Decent Homes programme
Labour inherited an estimated £19.7bn backlog of council house repairs when it came to power in 1997. The goal of Decent Homes was to bring all social housing up to scratch by 2010 through improved thermal efficiency and installing modern kitchens and bathrooms. Councils were given three options to access extra finance needed to carry
out these improvements: stock transfer to a housing association, PFI or setting up an arms-length management organisation (Almo). Less housing has been transferred than expected following a series of high-profile ballots that rejected stock transfer, while just a handful of PFI housing projects have started work. Of the three, Almos appear to have enjoyed greater take-up.
More than a million council homes have been brought up to standard thanks to the estimated £24.6bn worth of investment over the past 10 years. Nevertheless, the government has admitted that the 2010 target will not be met and many worry that the money would have been better spent on increasing supply rather than on improving council housing.
Thames Gateway
The regeneration of the Thames Gateway has been on the drawing board since before Labour came to office. But it has become a priority over the past decade, largely because of the opportunity it provides to accommodate rampant housing demand in London and the South-east.

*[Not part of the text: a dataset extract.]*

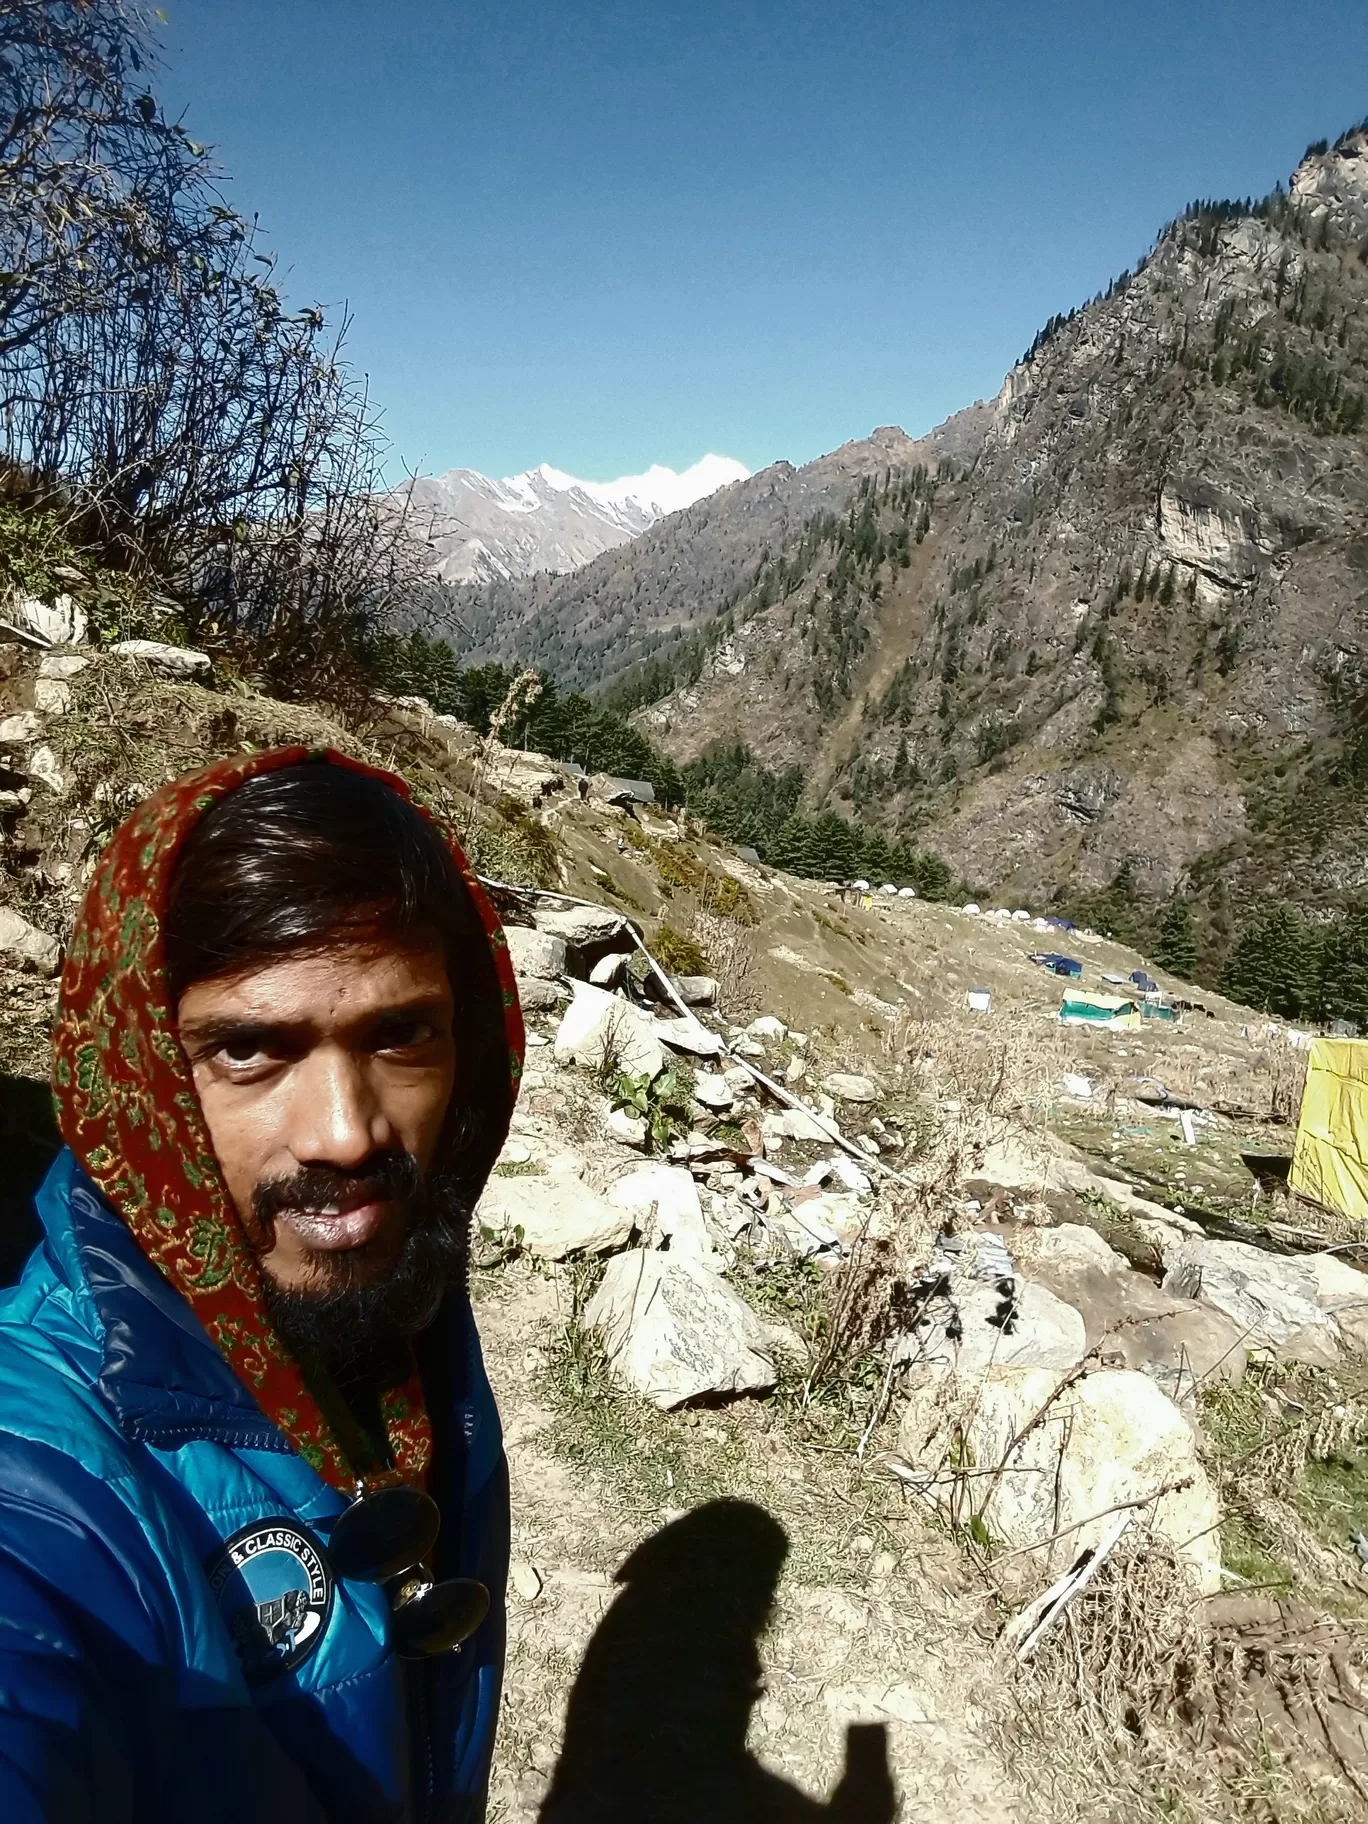 Photo of Kheerganga - Sunshine Himalayan Camp By Naveen Hyd_rider

It was only in John Prescott’s 2003 communities plan that the government committed significant sums of cash (£443m) to the regeneration of the Gateway, which it says should provide an extra 200,000 homes. But ever since this financial vote of confidence, housing completions have failed to increase in line with the government’s targets, except for in London.
The main block to housing delivery in the Gateway is the lack of investment in transport infrastructure. Gateway supremos are still waiting for an announcement on Crossrail, which would dramatically improve east London’s accessibility. Similarly, projects such as Barking Riverside and Ebbsfleet in Kent are taking years to get off the ground, largely because of wrangling over transport.
The other major development in this area over the past few years has been the 2012 Olympic win. An estimated £1.7bn will be spent on regeneration and infrastructure on the Lea Valley site.
How housing has changed
Housing Corporation budget
1997-8: £683m
2007-8: £2bn
Housing completions
1997: 163,100
2006: 185,000
6 of the top 10 housebuilders by completions in 1997 have subsequently been bought by rivals.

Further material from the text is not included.